## WORK TO COMPLETE
Restate the records word for word. Include no pictures.
[Opening AVAILABLE RECORDS section]
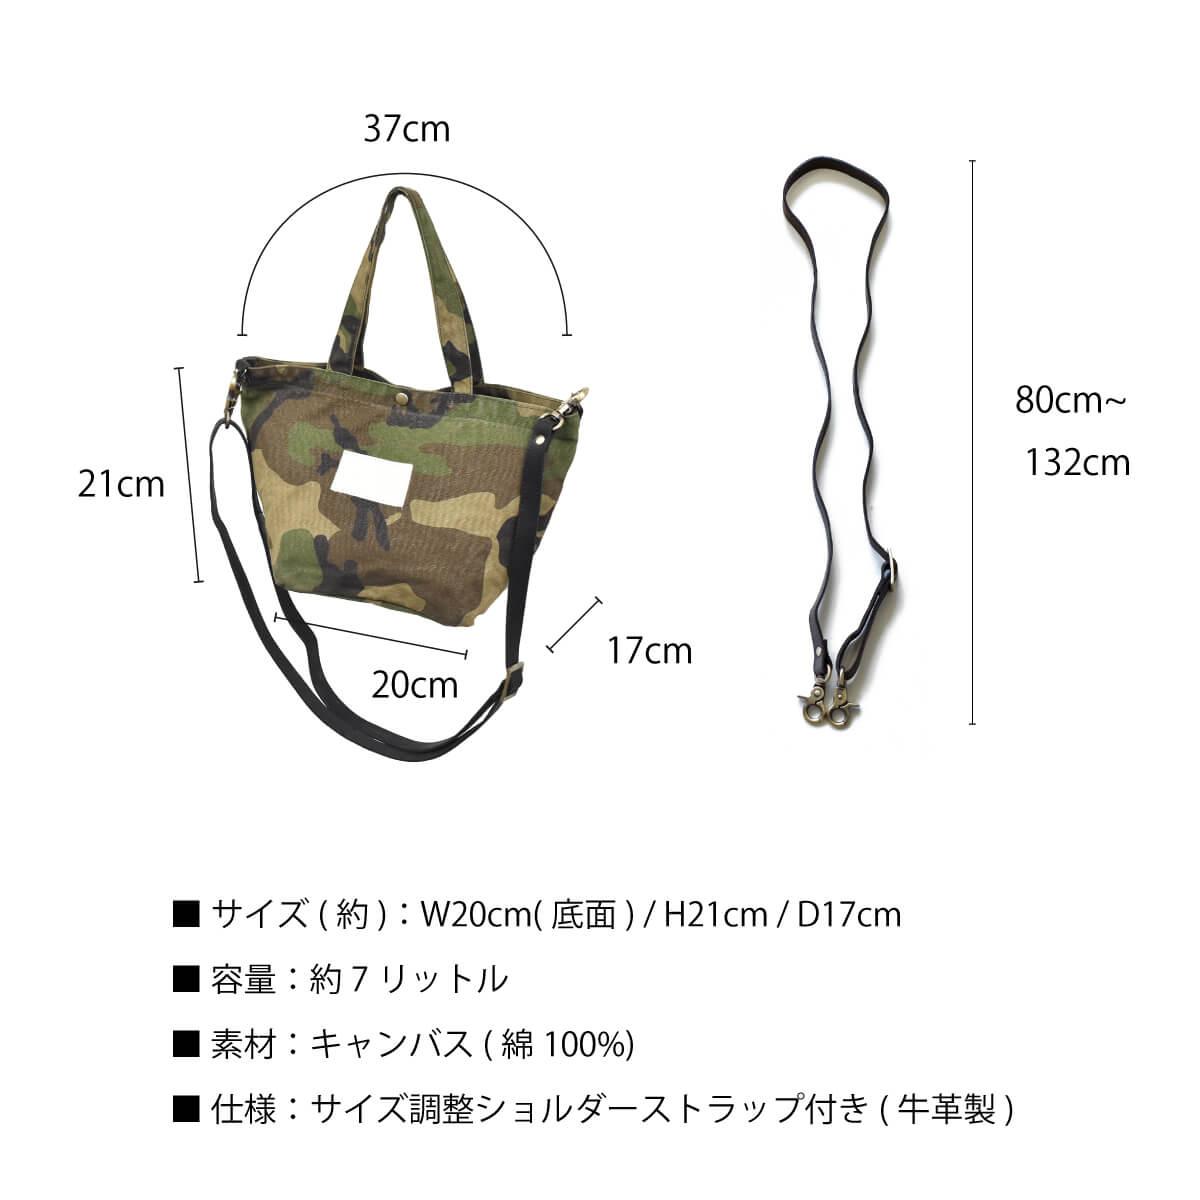 ユニセックス キャンバスミニバッグ ショルダーバッグ【325】
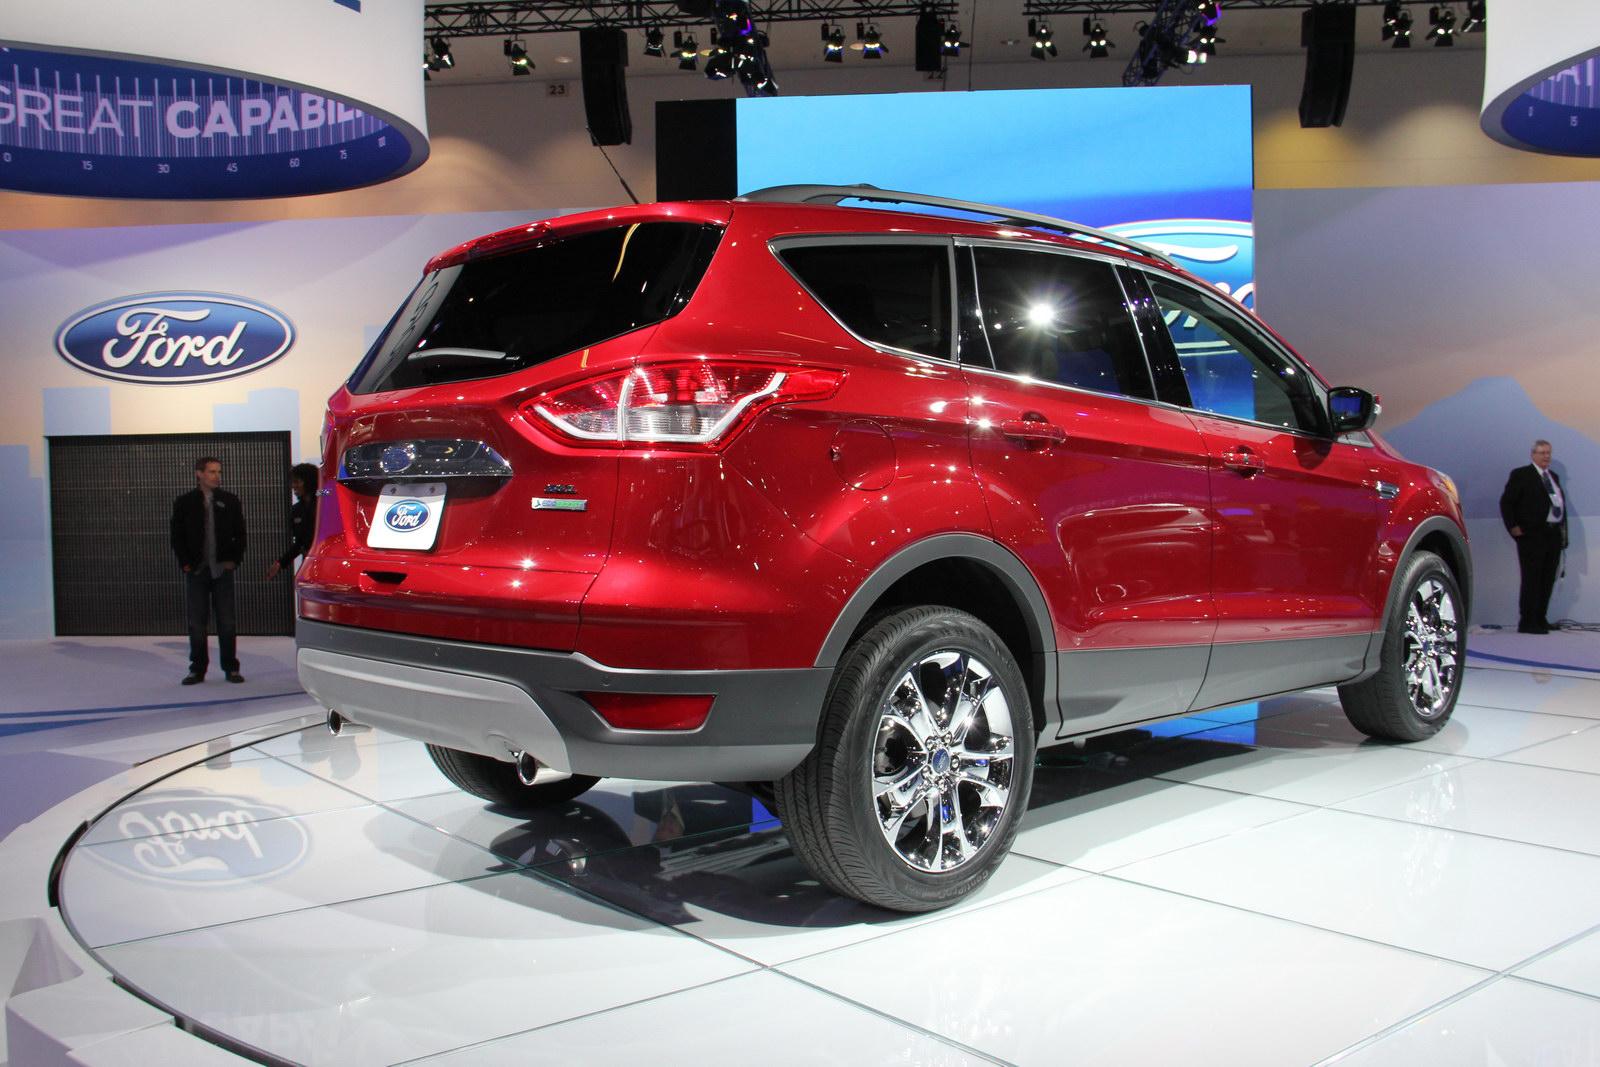 Ford Escape 2013 se ofrece con estas opciones de motor: un 2.5LTS de
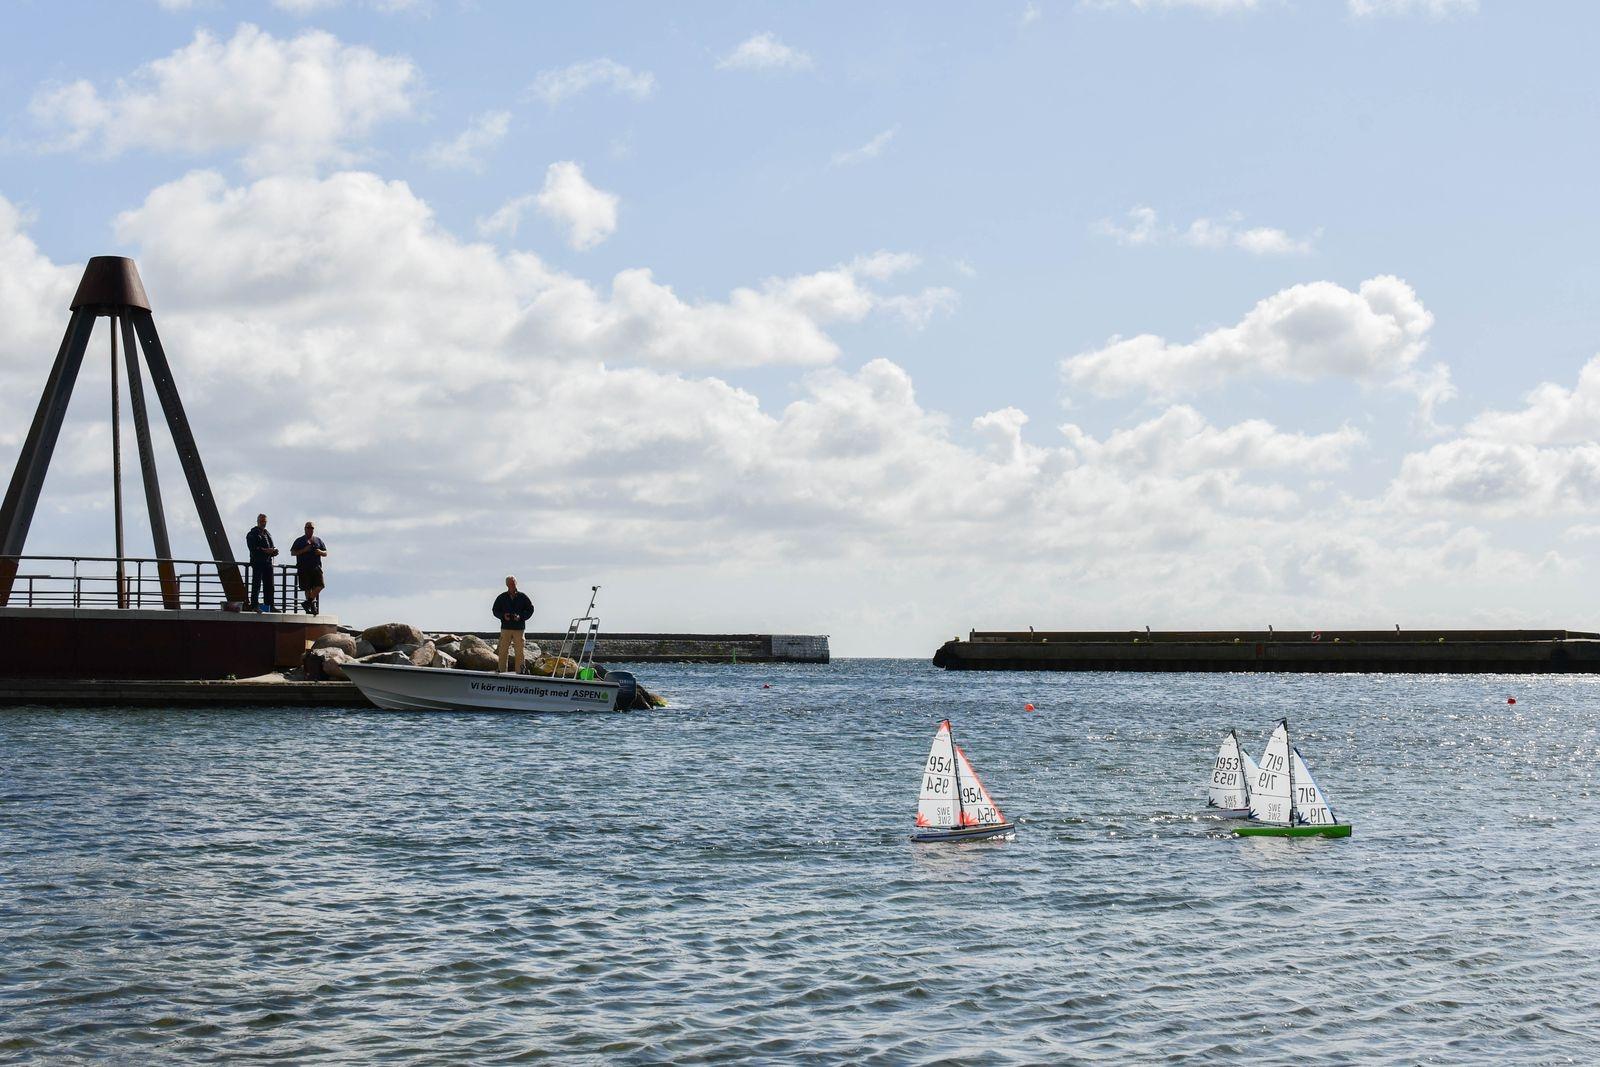 När seglarskolan tar paus passar Lars-Gustav Dahl, Jan Sölve och Christer Andersson på att sjösätta sina DF 65 modellbåtar.
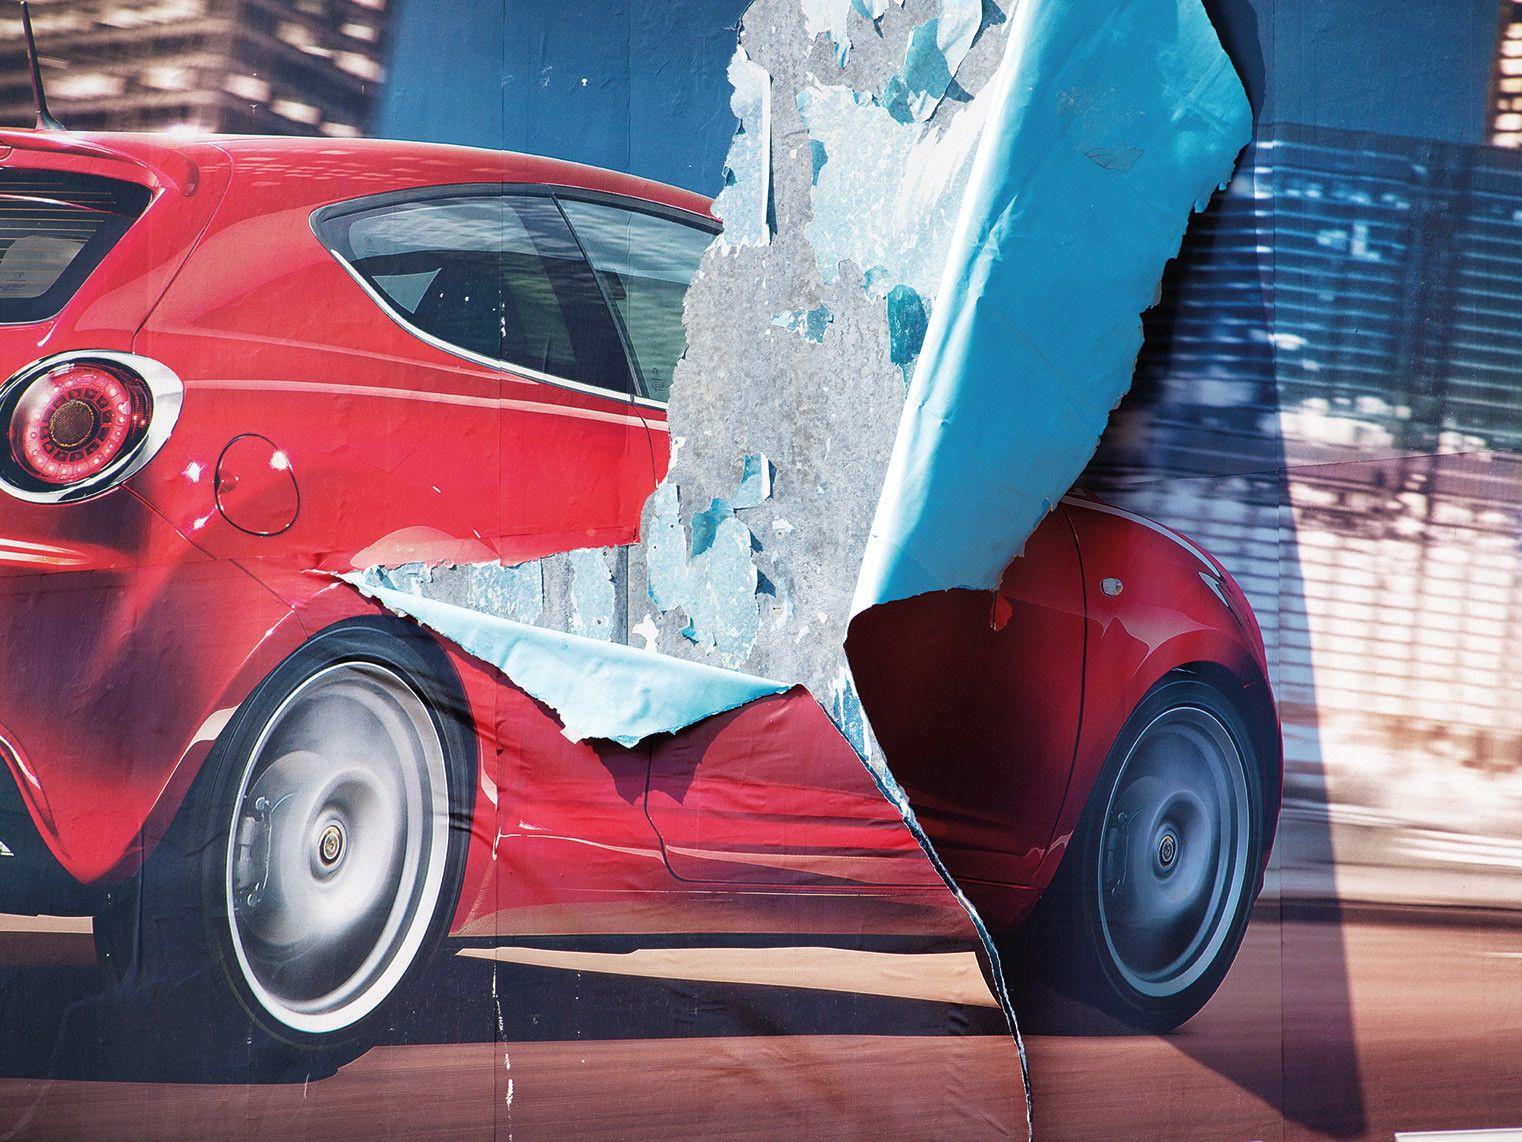 FOTOGRAFIA DIGITALE LUCA GALESSI ' ATTRAVERSARE LE CITTA' '  dimensioni L 160 x H 120 cm.
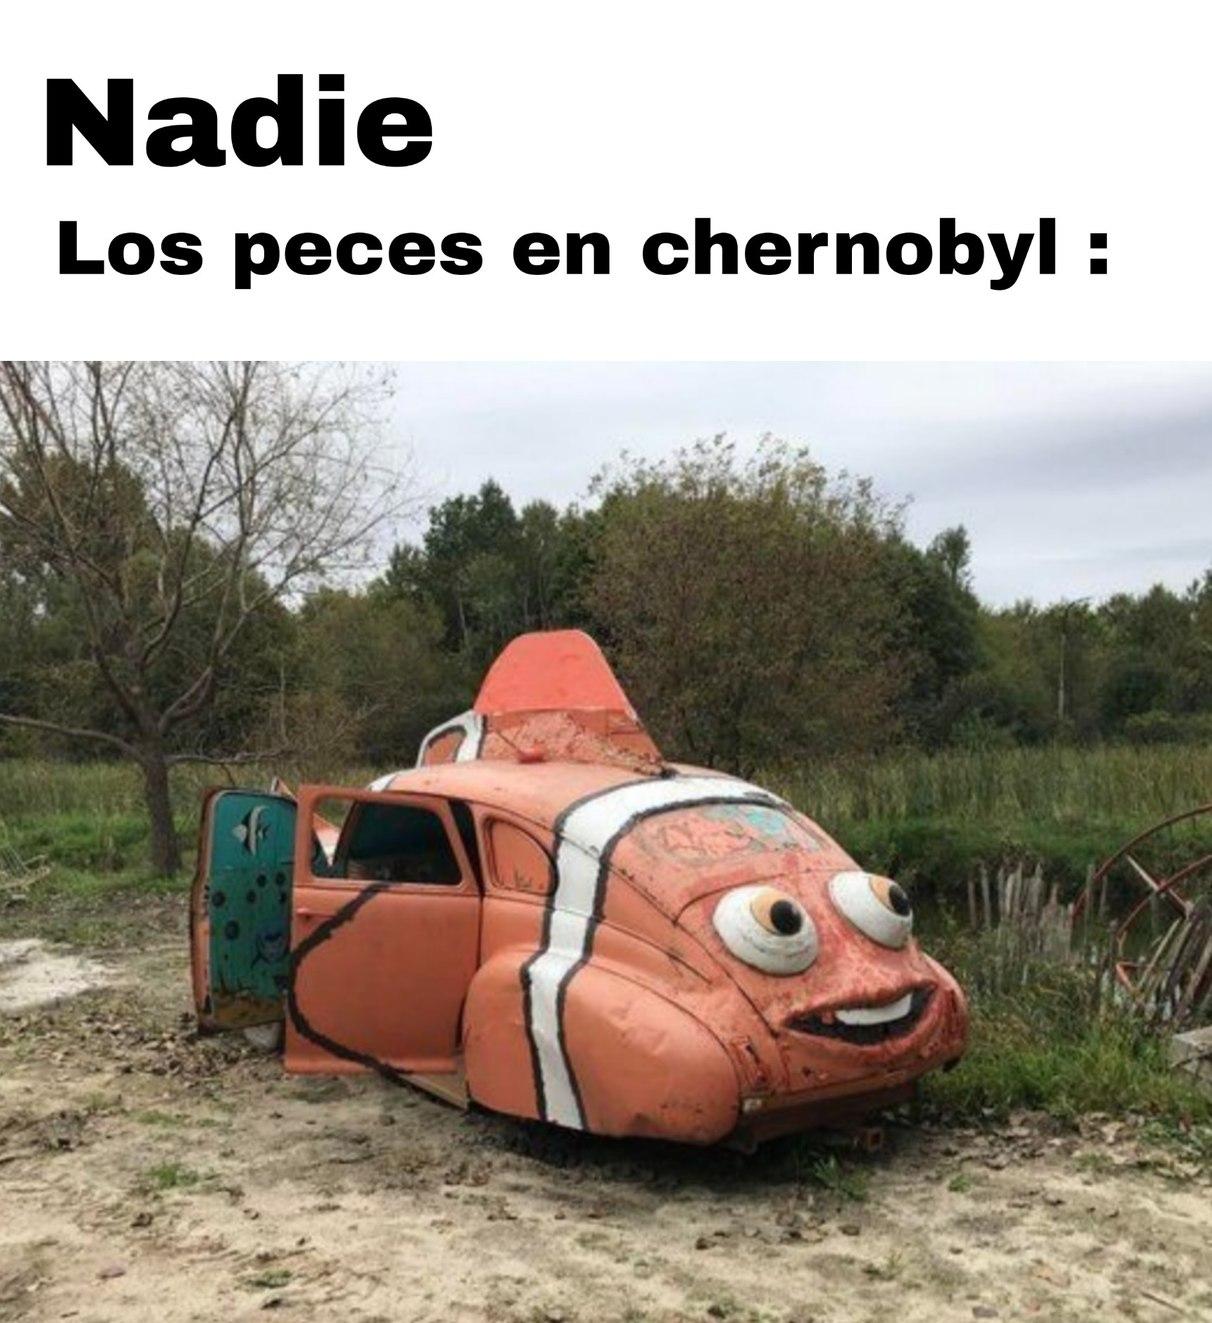 Mientras em chernobyl - meme
[Closing AVAILABLE RECORDS section]
## RESULT BELOW
 ユニセックス キャンバスミニバッグ ショルダーバッグ【325】
 Ford Escape 2013 se ofrece con estas opciones de motor: un 2.5LTS de
 När seglarskolan tar paus passar Lars-Gustav Dahl, Jan Sölve och Christer Andersson på att sjösätta sina DF 65 modellbåtar.
 FOTOGRAFIA DIGITALE LUCA GALESSI ' ATTRAVERSARE LE CITTA' '  dimensioni L 160 x H 120 cm.
 Mientras em chernobyl - meme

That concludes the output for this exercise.